Hacker News new | ask | show | jobs
by colah3 3384 days ago
You're absolutely right that this is a lot of work, and not many ML researchers have all the skills needed for it.

In the short term, Distill's editorial assistance will help authors produce outstanding papers, although they need to be willing to work as well.

In the longer-term, I'd like to explore match making between data visualization people who would like to get into machine learning and machine learning researchers publishing papers.

And in the very long term, I think the right solution is to add a new component to the research ecosystem. Just like we we have people who specialize as research engineers, theoreticians, and experimentalists, I'd like to have a respected "research distiller" specialization. Eventually, I'd like to try and start special grants for research groups to have someone focused on this.

6 comments

I fall into the longer-term category as a front end data visualization person who would like to learn more ML. Please reach out to me if you're looking for JS volunteer to help with code review, visualization polish, or implementing new visualizations.
I already know a guy who's doing this. Although he chose to publish very short videos on various research (including many AI/ML), the concept and goal is more or less the same.

Two Minute Papers on YouTube:

https://www.youtube.com/user/keeroyz/videos

Karoly does lovely work! :)
As another designer + researcher with a varied background and an interest in data viz as well as ML, I am super interested in this as a potential contributor. I have experience creating an interactive visualization interface for simple ML algorithms (which has been used by professors in the life sciences department to understand / get a new perspective on what's happening). I would LOVE to be able to be involved with Distill.

I have actually been meaning to write a paper on my findings and have been looking for journals to write for. However it doesn't quite "fit" with most journals. Distill looks like it's more catered to "professional" machine learning people, at least for now. Is there any way that somebody with my background (design+data viz+development+interest and curiosity to learn ML) could be involved with Distill?

> Is there any way that somebody with my background (design+data viz+development+interest and curiosity to learn ML) could be involved with Distill?

Absolutely. We know a number of leading ML researchers who would love to publish papers as Distill articles but don't have the design/data vis skills. We'd like to facilitate collaborations which would lead to data vis people co-authoring cutting edge research papers.

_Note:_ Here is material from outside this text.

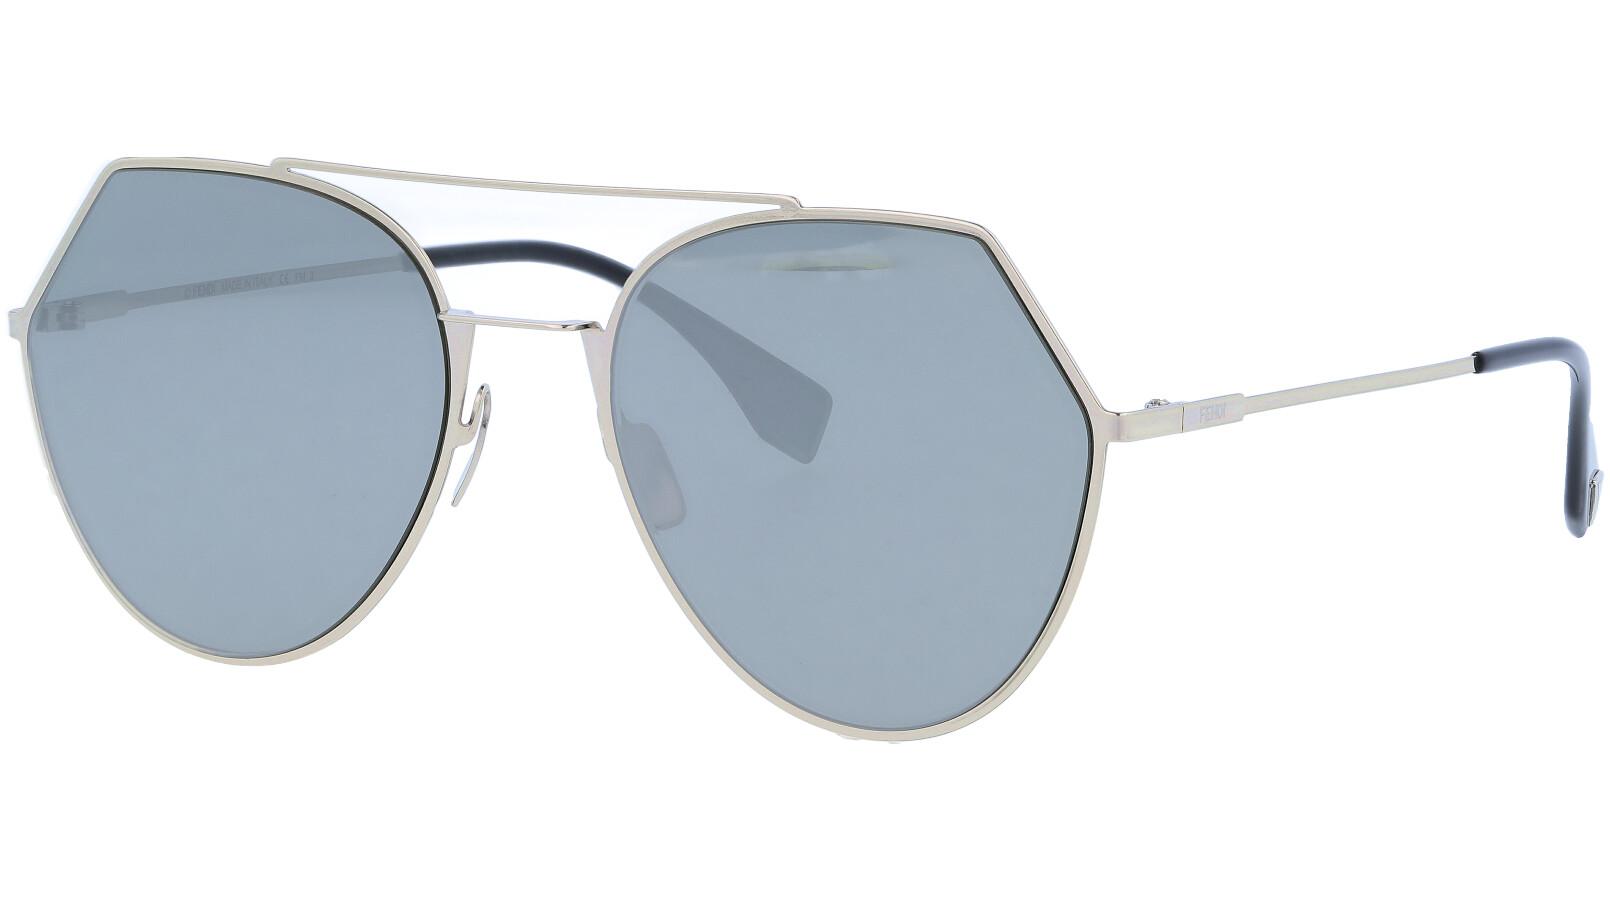 FENDI FF0194/S 3YG0T 55 Light Gold Sunglasses
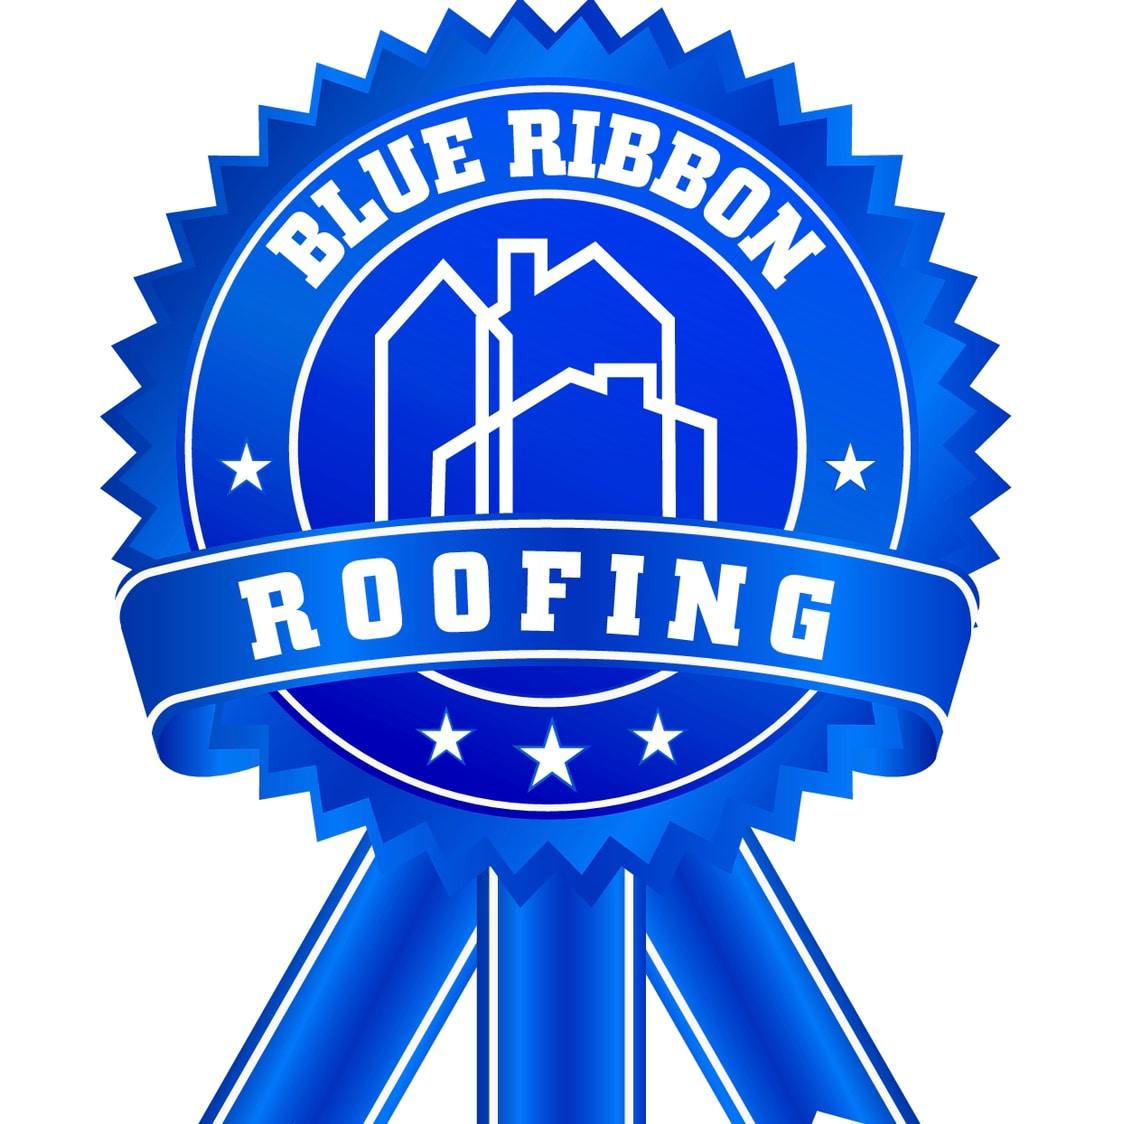 Blue Ribbon Roofing LLC

This is very exciting. How are you looking at facilitating these collaborations? Will there be a listing of sorts, where, say, ML researchers would say "I need a dataviz guy" and then dataviz specialists can apply, almost like a job (or rather more like matchmaking I guess--bad analogy)?

Or would said facilitation be done by the admins / editors / steering committee? If so, then how do you plan on finding dataviz people? I'm asking this in particular because I would imagine that people who have ML findings to talk about would probably contact you ("I researched such and such, and found such and such. Now I would love to publish in Distill"). But I wonder if data visualization specialists would do the same thing. Contacting with "hey, I love data viz, would love to collaborate with somebody looking for one" feels a little inappropriate to me.

Thoughts?

> In the longer-term, I'd like to explore match making between data visualization people who would like to get into machine learning and machine learning researchers publishing papers.

As a data viz person, I would be absolutely thrilled to work on this, I'm trying to scratch time here and there to position myself better in that respect, learning more and trying to bridge that gap.

I left a comment on your blog announcement to this effect, but I'd love to be a "research distiller" :)
You already are. :) Love your blog.
Well, to be paid as such :)

And I rarely cover recent work.

  > In the longer-term, I'd like to explore match making
  > between data visualization people who would like to
  > get into machine learning and machine learning
  > researchers publishing papers.
I'm into data viz and interested in doing this. I'm currently plowing through the Fast.AI course, and was actually already considering creating visualisations to help test my thinking.